-------- SOURCE MATERIAL --------

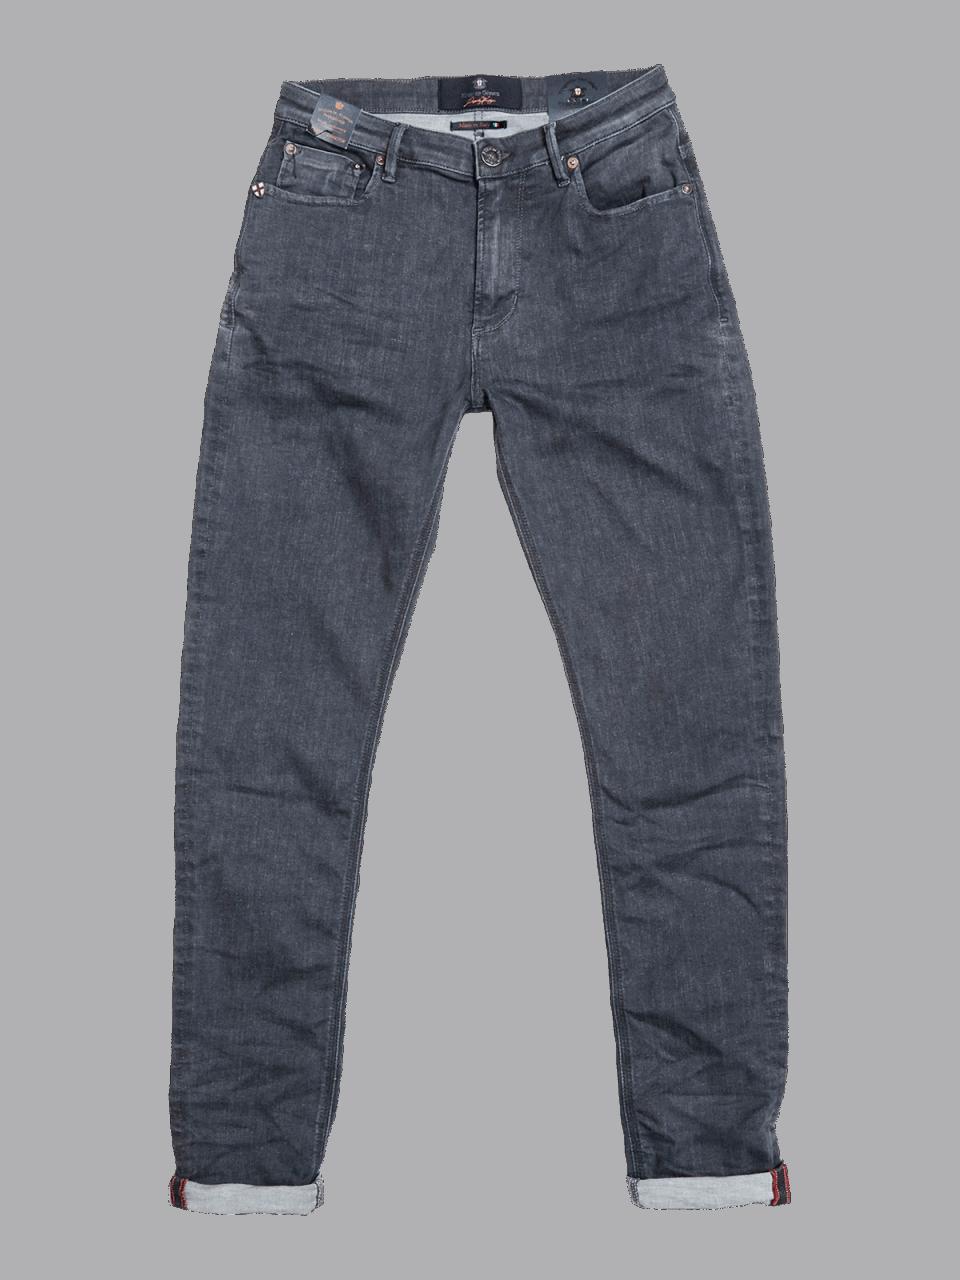 BLUE DE GENES Fredo Cuno Jeans
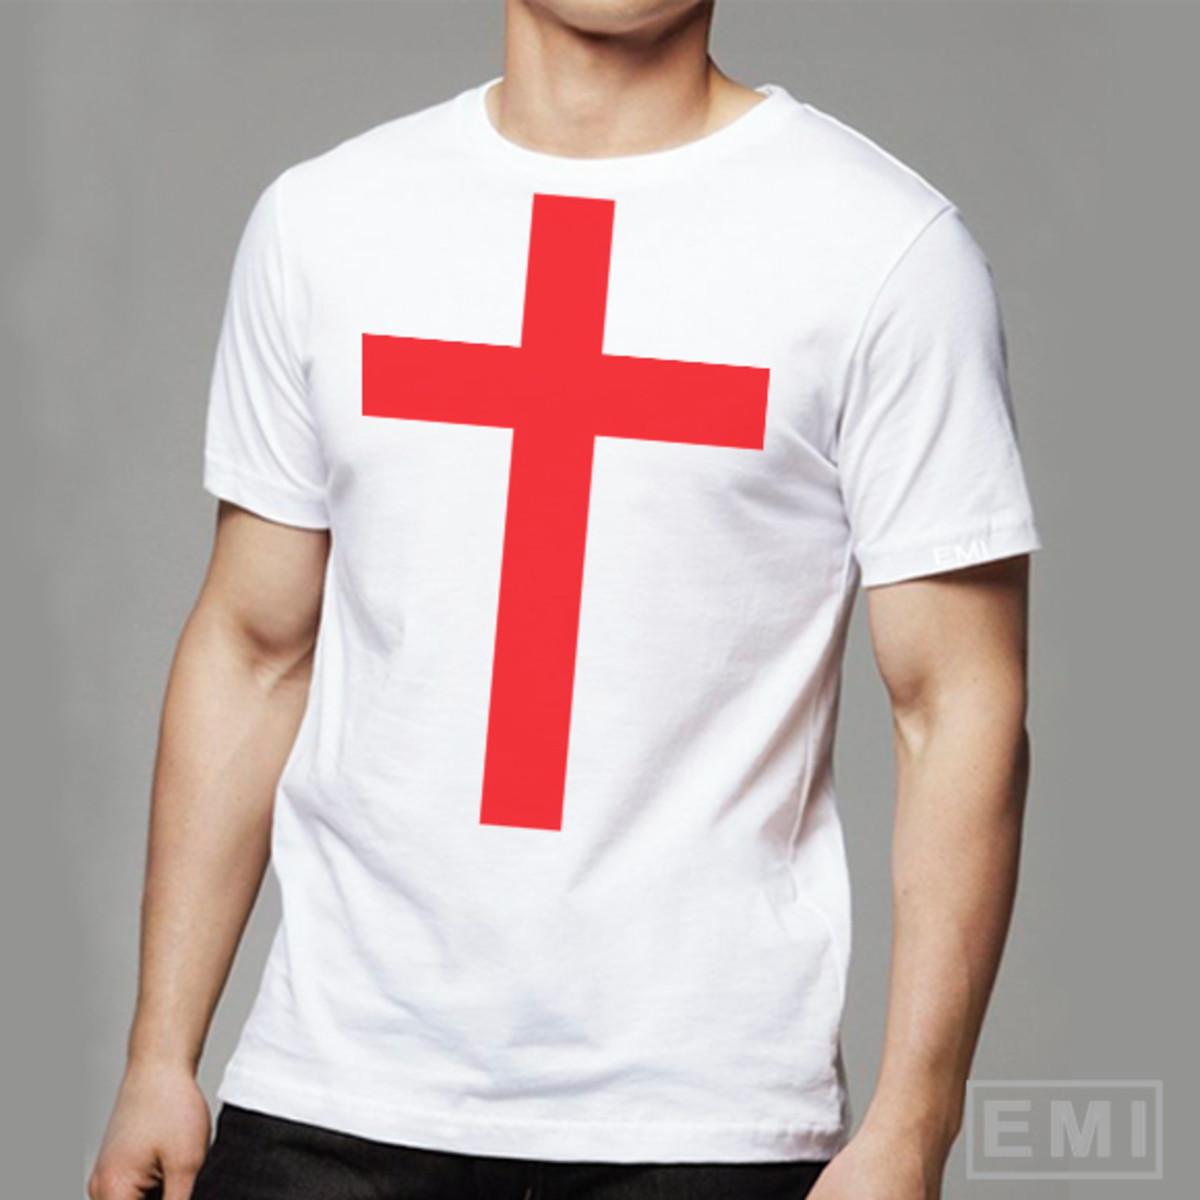 Camisetas Templários no Elo7  bf5f35ad880b2
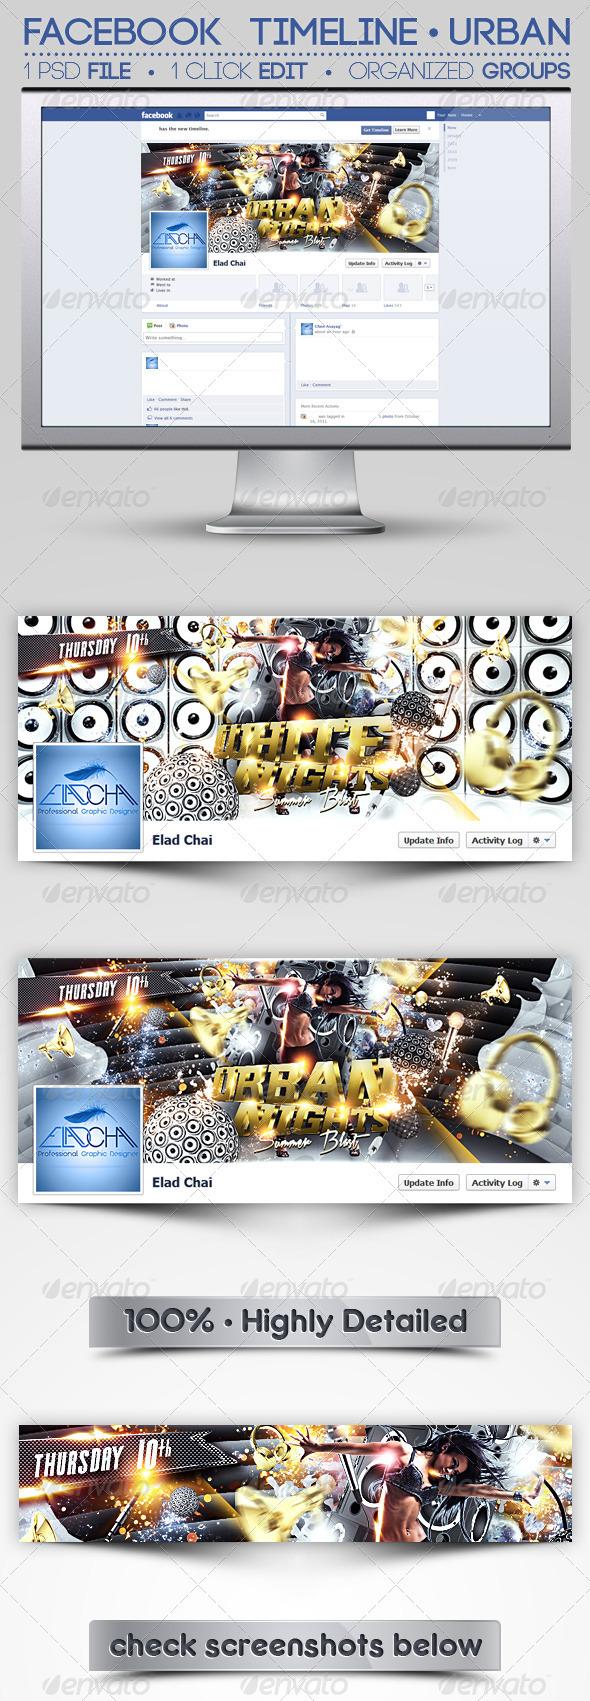 Facebook Timeline Cover | Urban Nights - Facebook Timeline Covers Social Media
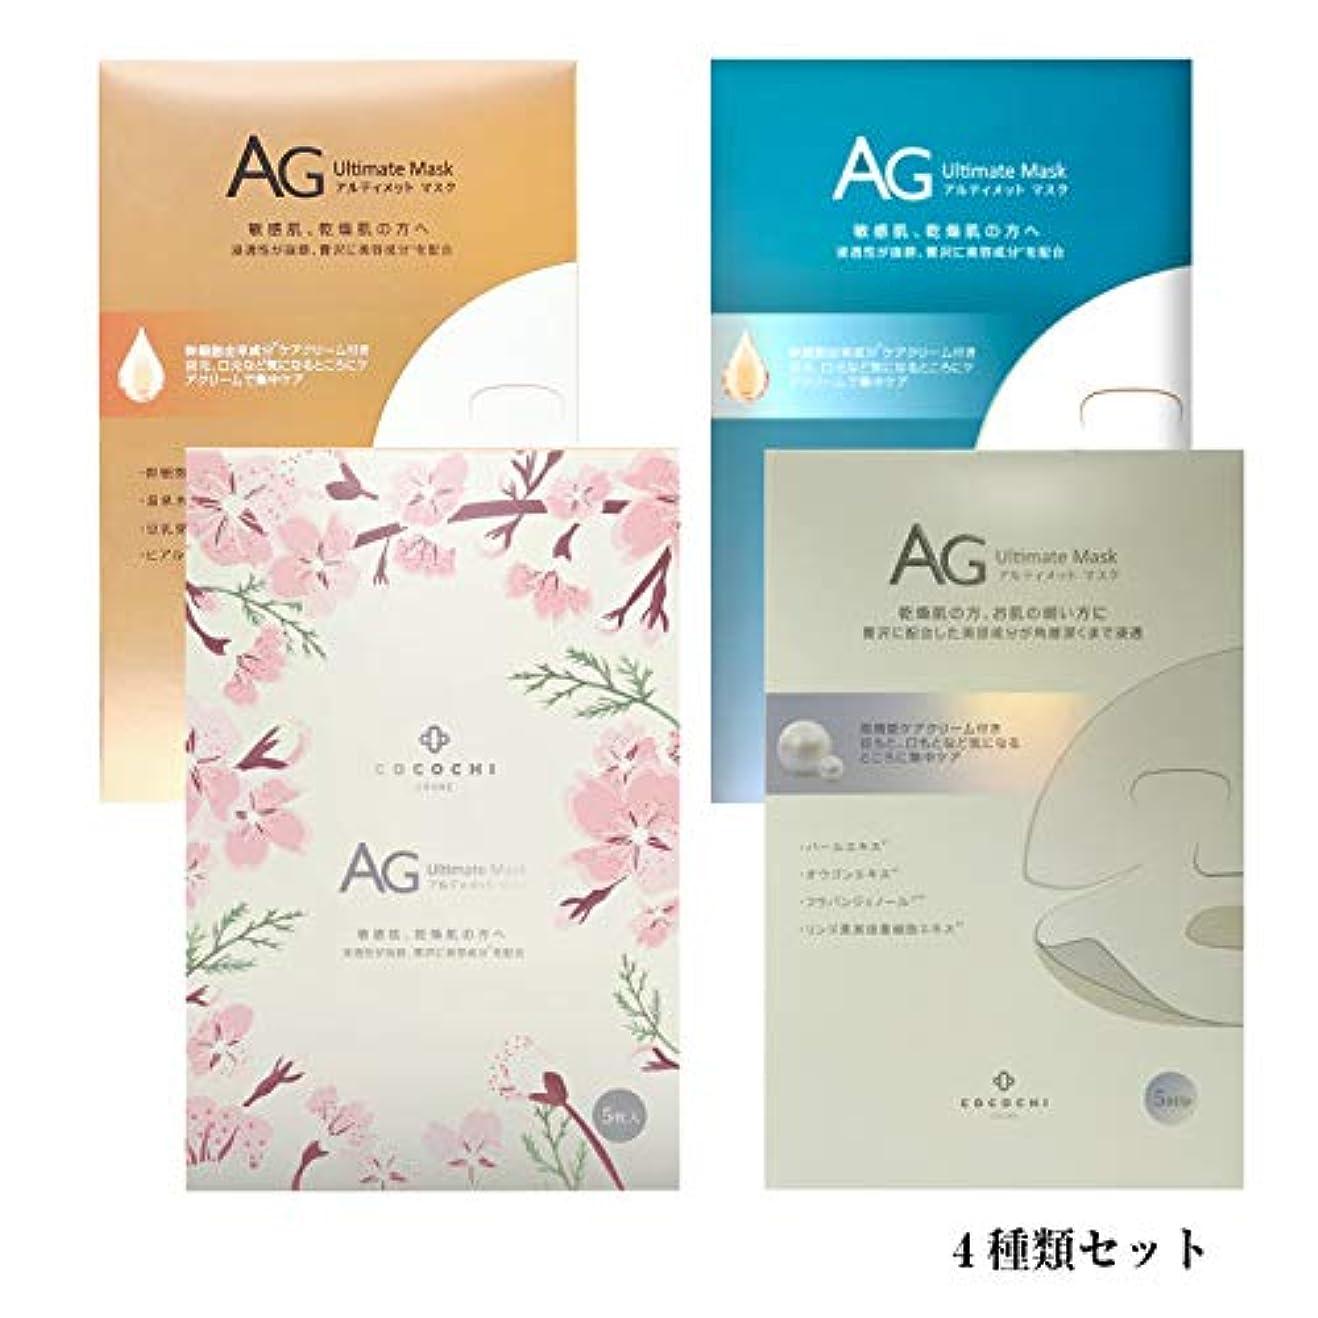 全部アンデス山脈アデレードAGアルティメットマスク 4種類セット AG アルティメットマスク/オーシャンマスク/さくら/アコヤ真珠マスク
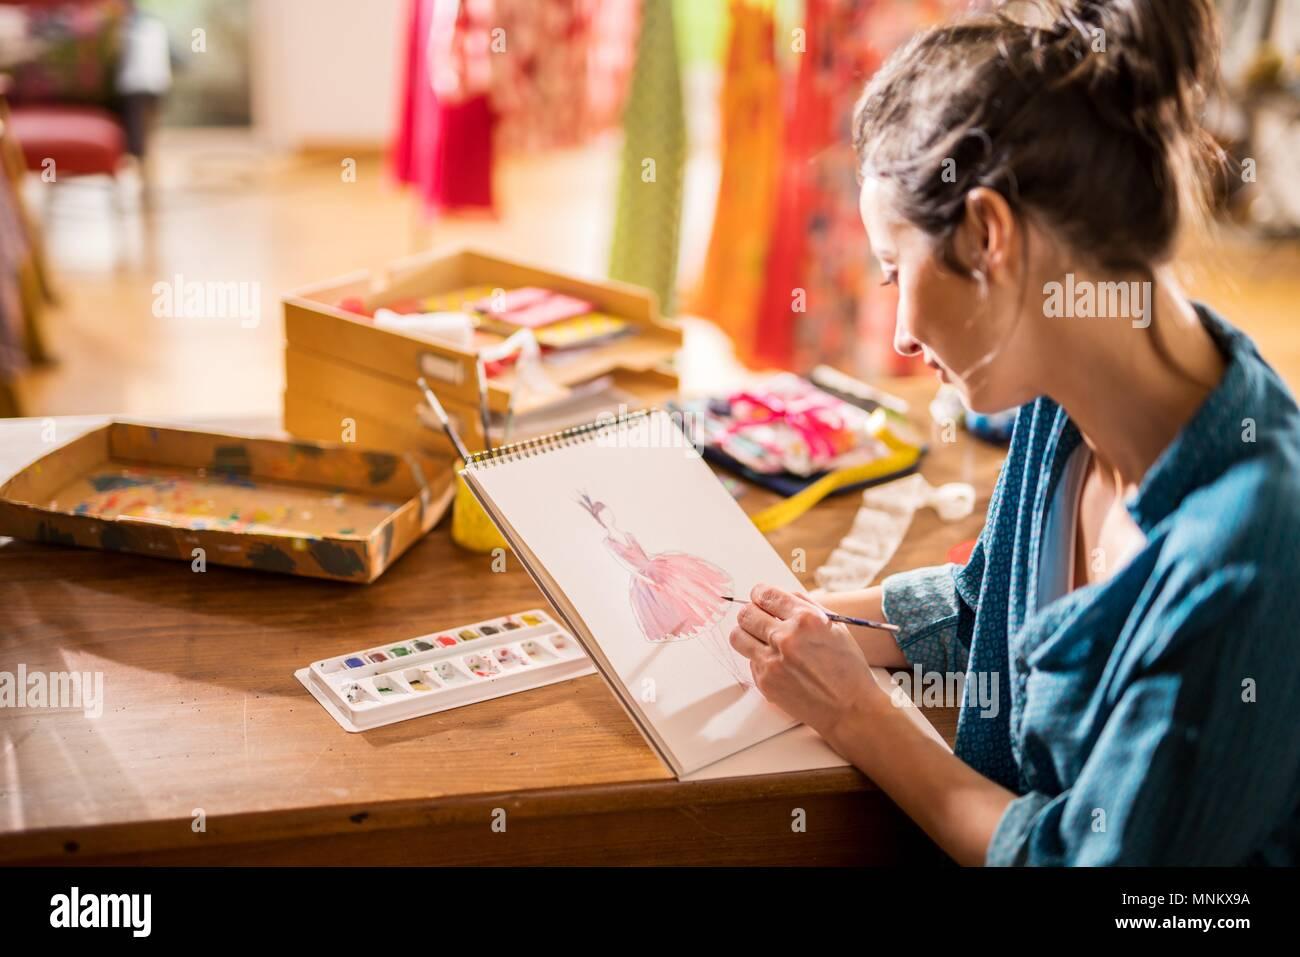 Diseñador de moda trabajando en un nuevo modelo, en su studio Imagen De Stock

--------

**PROBLEM:** Extract the run of lines beginning with the line that holds "Facebook Timeline Cover |" and ending at the last line of the data, inclusive. Exclude any pictures from the copy.

**RESULT OF THE TASK:**
 Facebook Timeline Cover | Urban Nights - Facebook Timeline Covers Social Media
 全部アンデス山脈アデレードAGアルティメットマスク 4種類セット AG アルティメットマスク/オーシャンマスク/さくら/アコヤ真珠マスク
 Diseñador de moda trabajando en un nuevo modelo, en su studio Imagen De Stock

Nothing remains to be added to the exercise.